_Required work:_ An exact transcription of all the records below is required, without any images.

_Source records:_
╭──

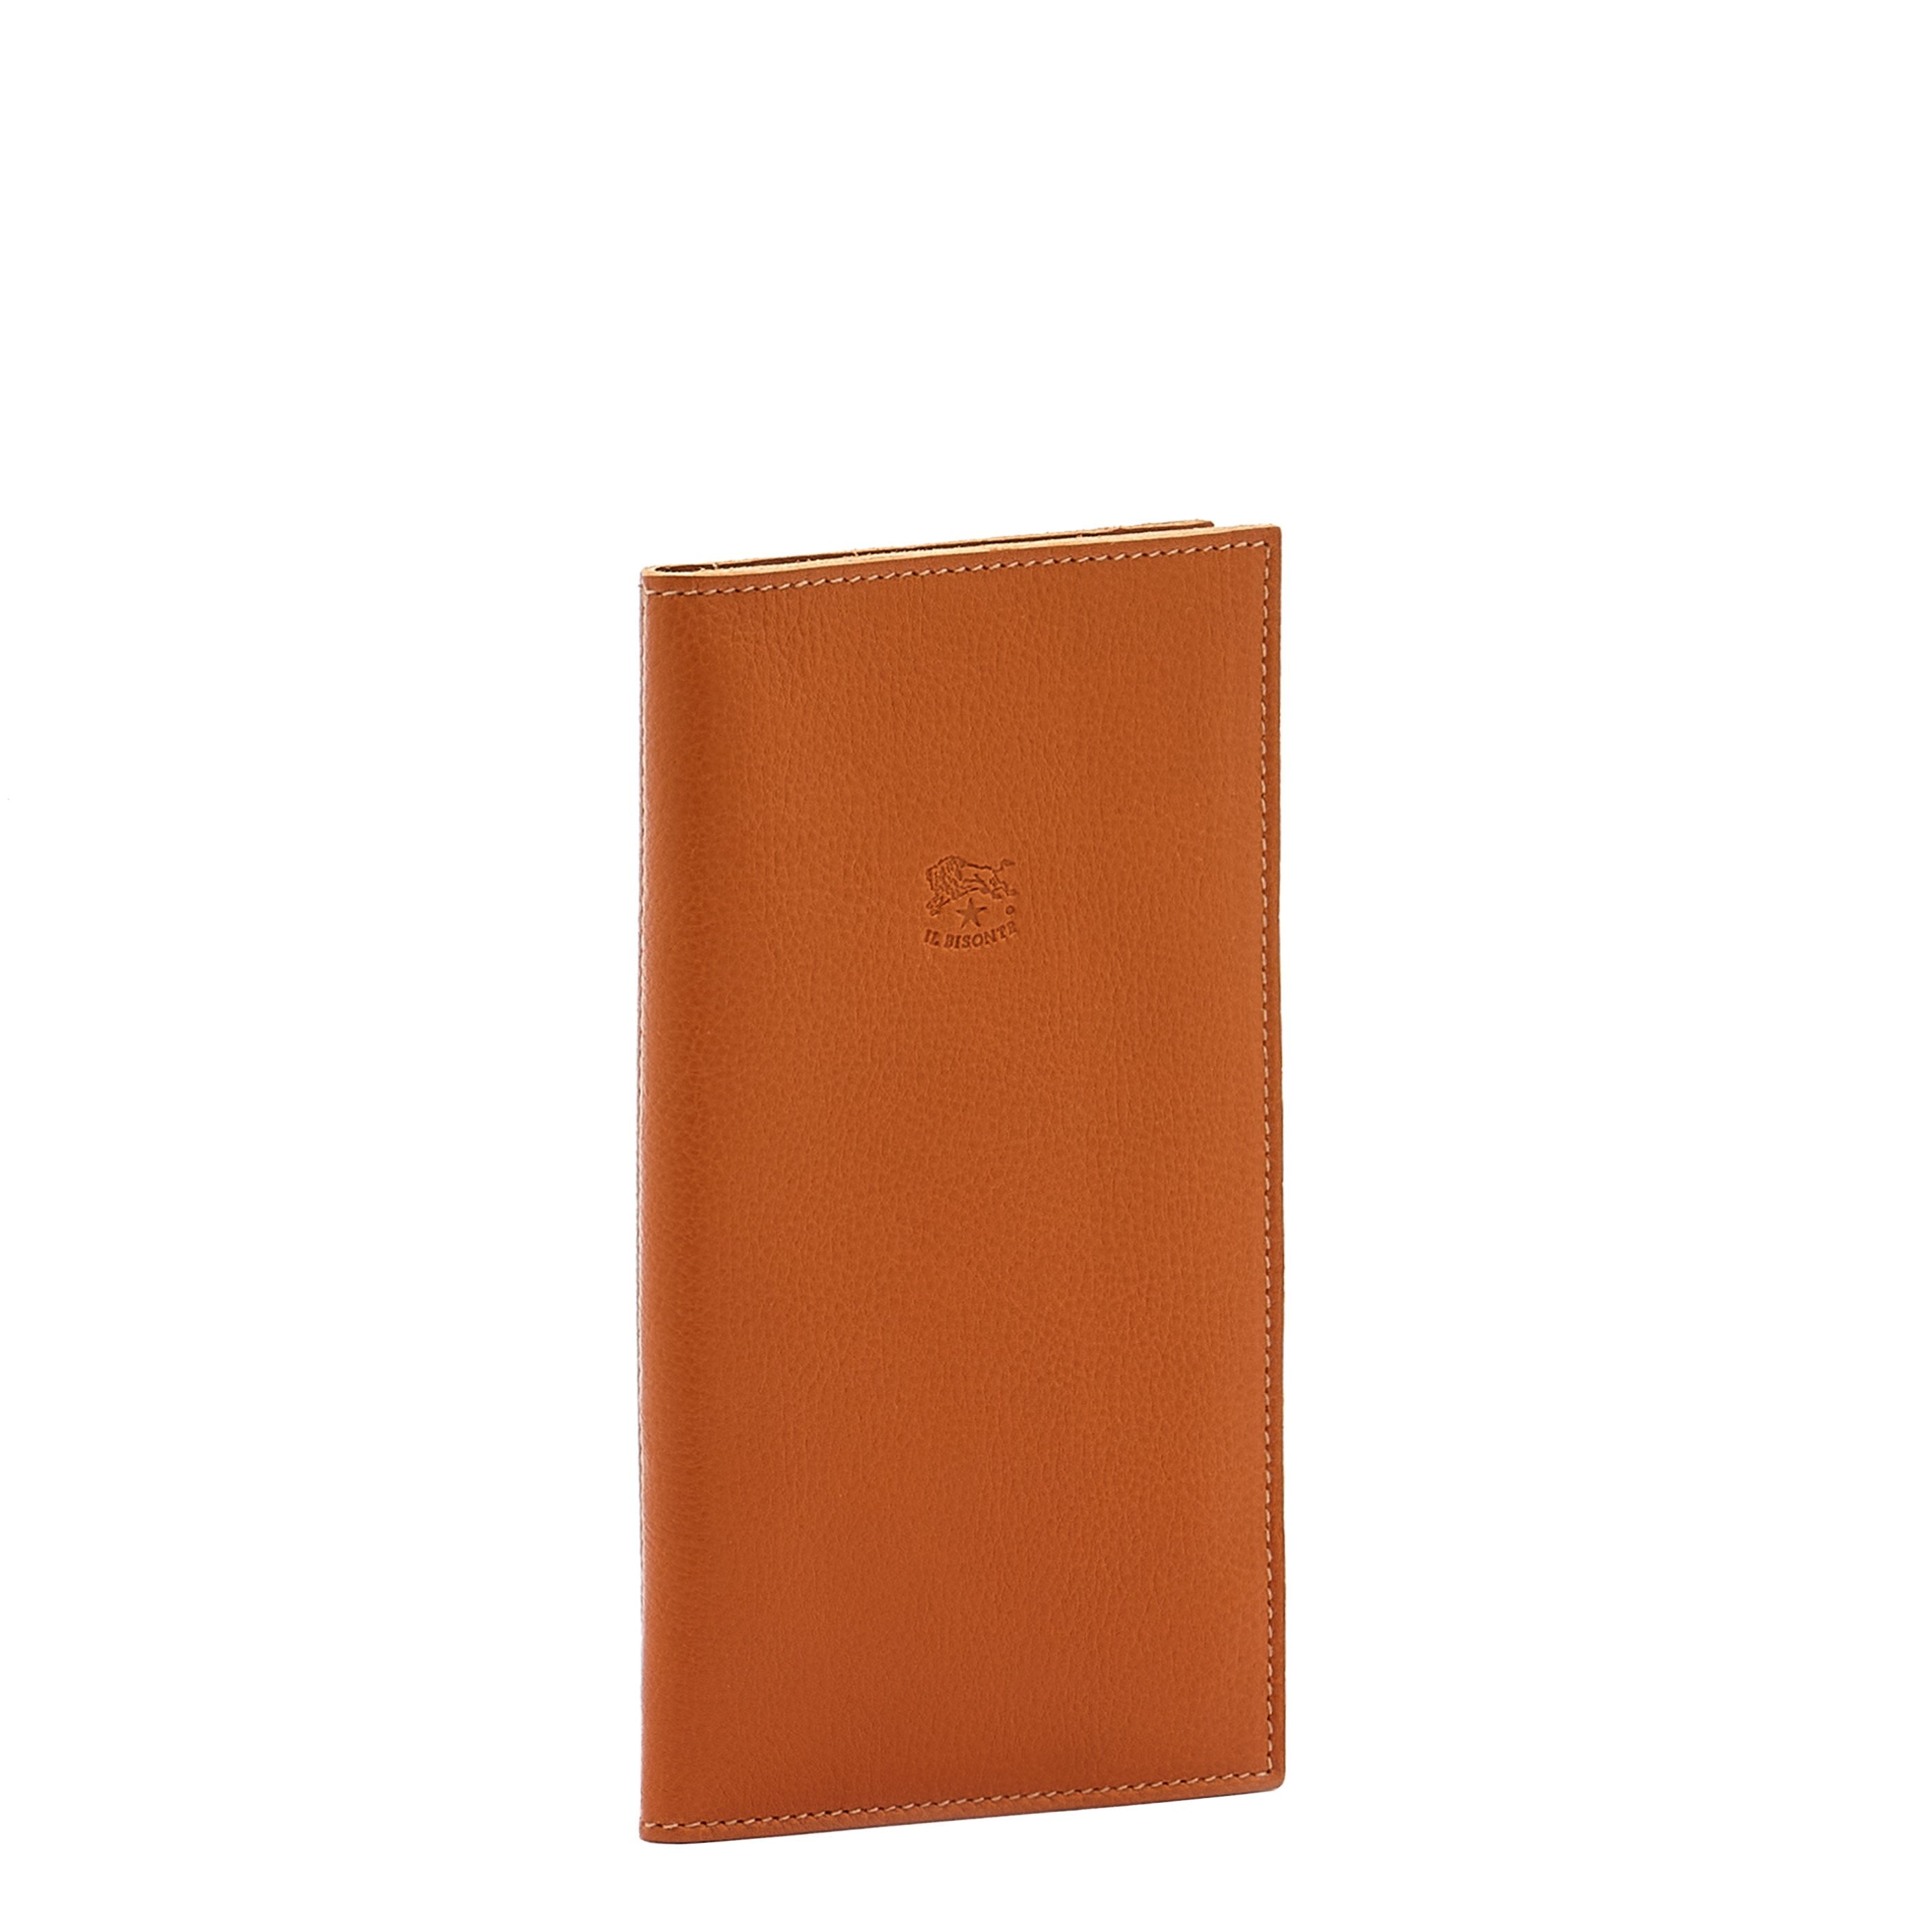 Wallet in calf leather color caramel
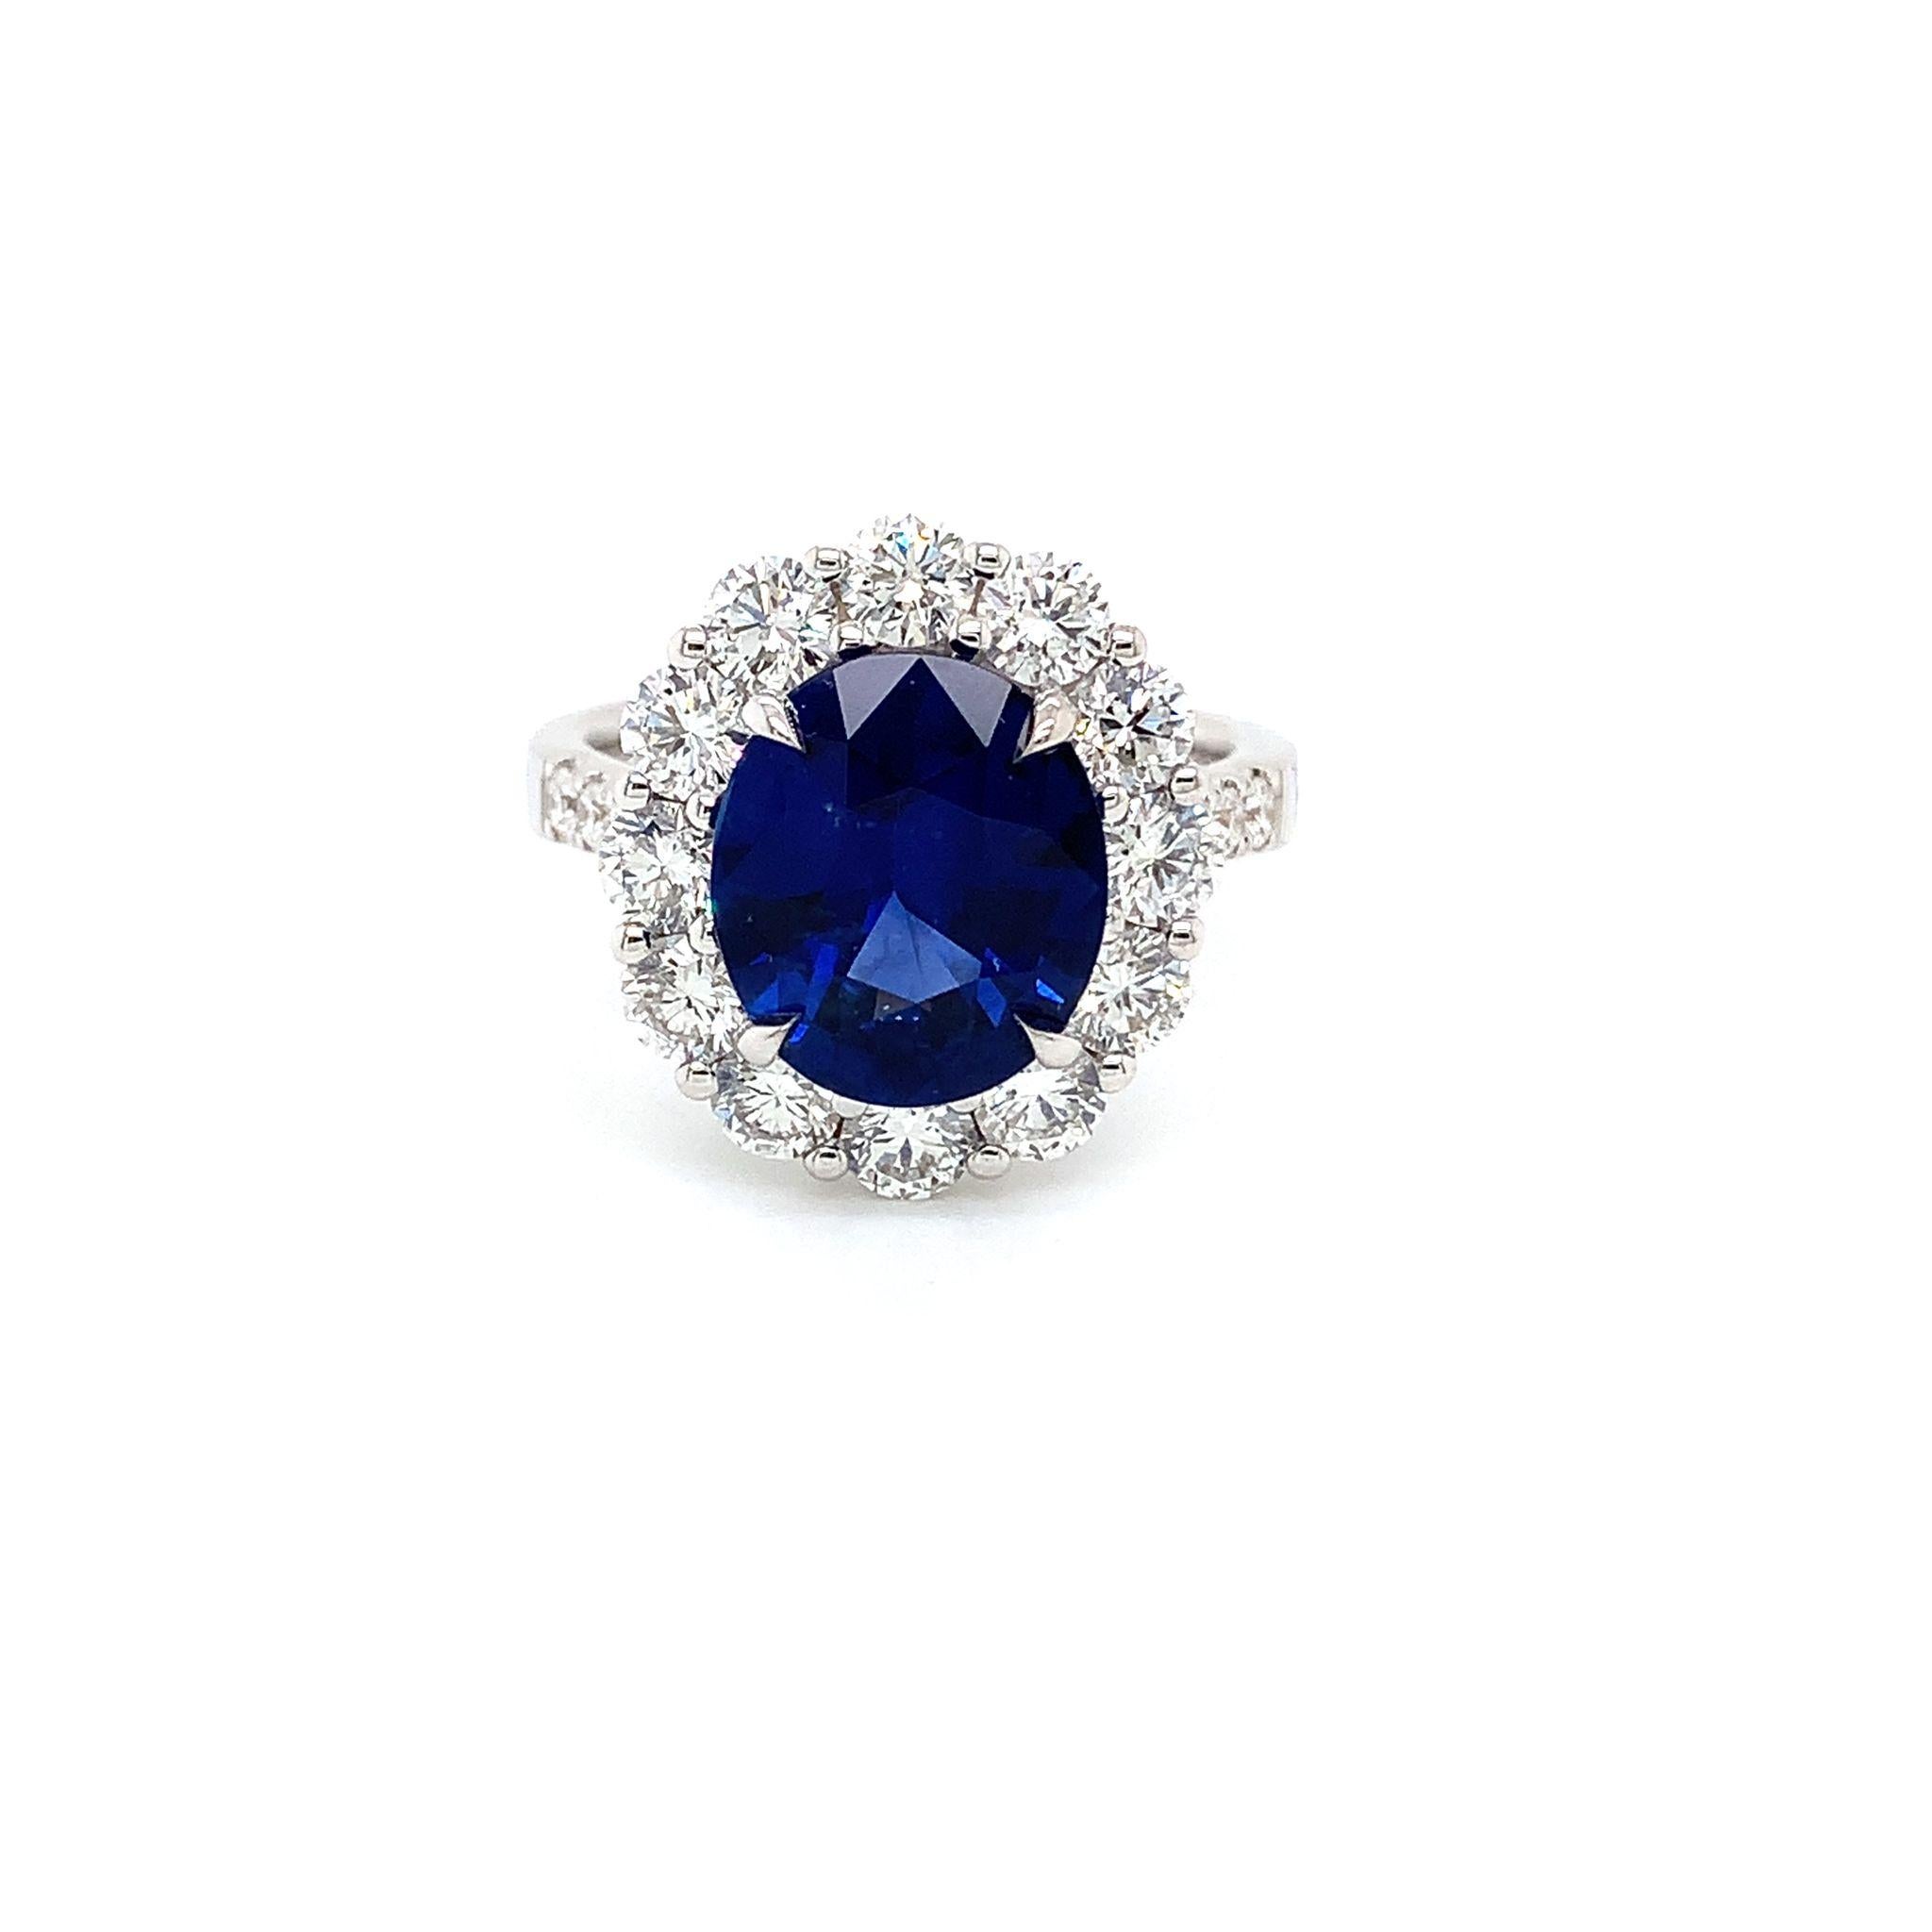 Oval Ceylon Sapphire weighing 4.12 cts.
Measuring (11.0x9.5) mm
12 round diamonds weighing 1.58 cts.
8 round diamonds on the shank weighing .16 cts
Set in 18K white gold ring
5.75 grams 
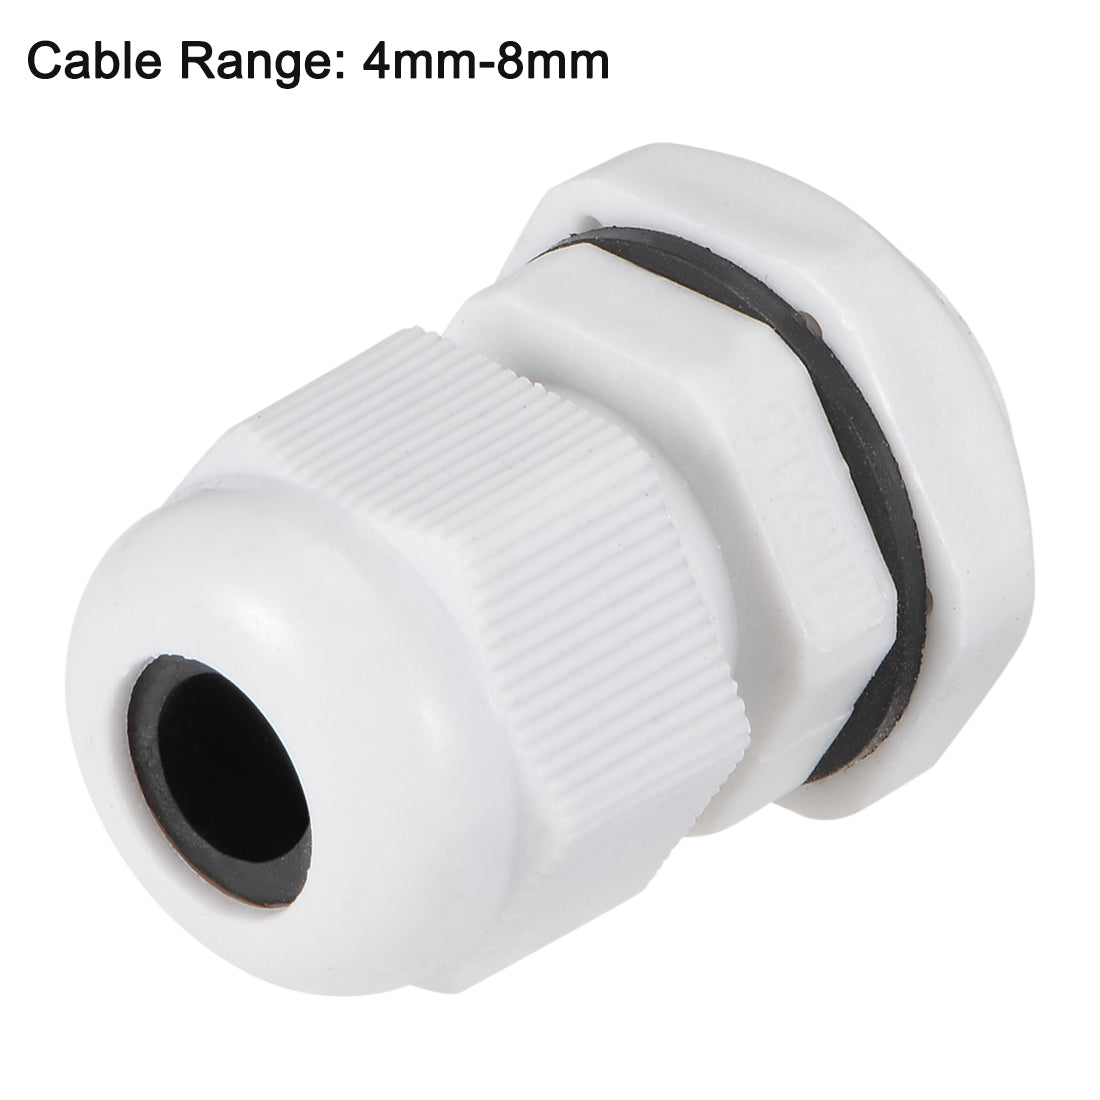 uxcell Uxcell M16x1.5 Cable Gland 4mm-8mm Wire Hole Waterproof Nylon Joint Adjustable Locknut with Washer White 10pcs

╰──

_Problem solution:_
 Wallet in calf leather color caramel
 Oval Ceylon Sapphire weighing 4.12 cts.
Measuring (11.0x9.5) mm
12 round diamonds weighing 1.58 cts.
8 round diamonds on the shank weighing .16 cts
Set in 18K white gold ring
5.75 grams 
 uxcell Uxcell M16x1.5 Cable Gland 4mm-8mm Wire Hole Waterproof Nylon Joint Adjustable Locknut with Washer White 10pcs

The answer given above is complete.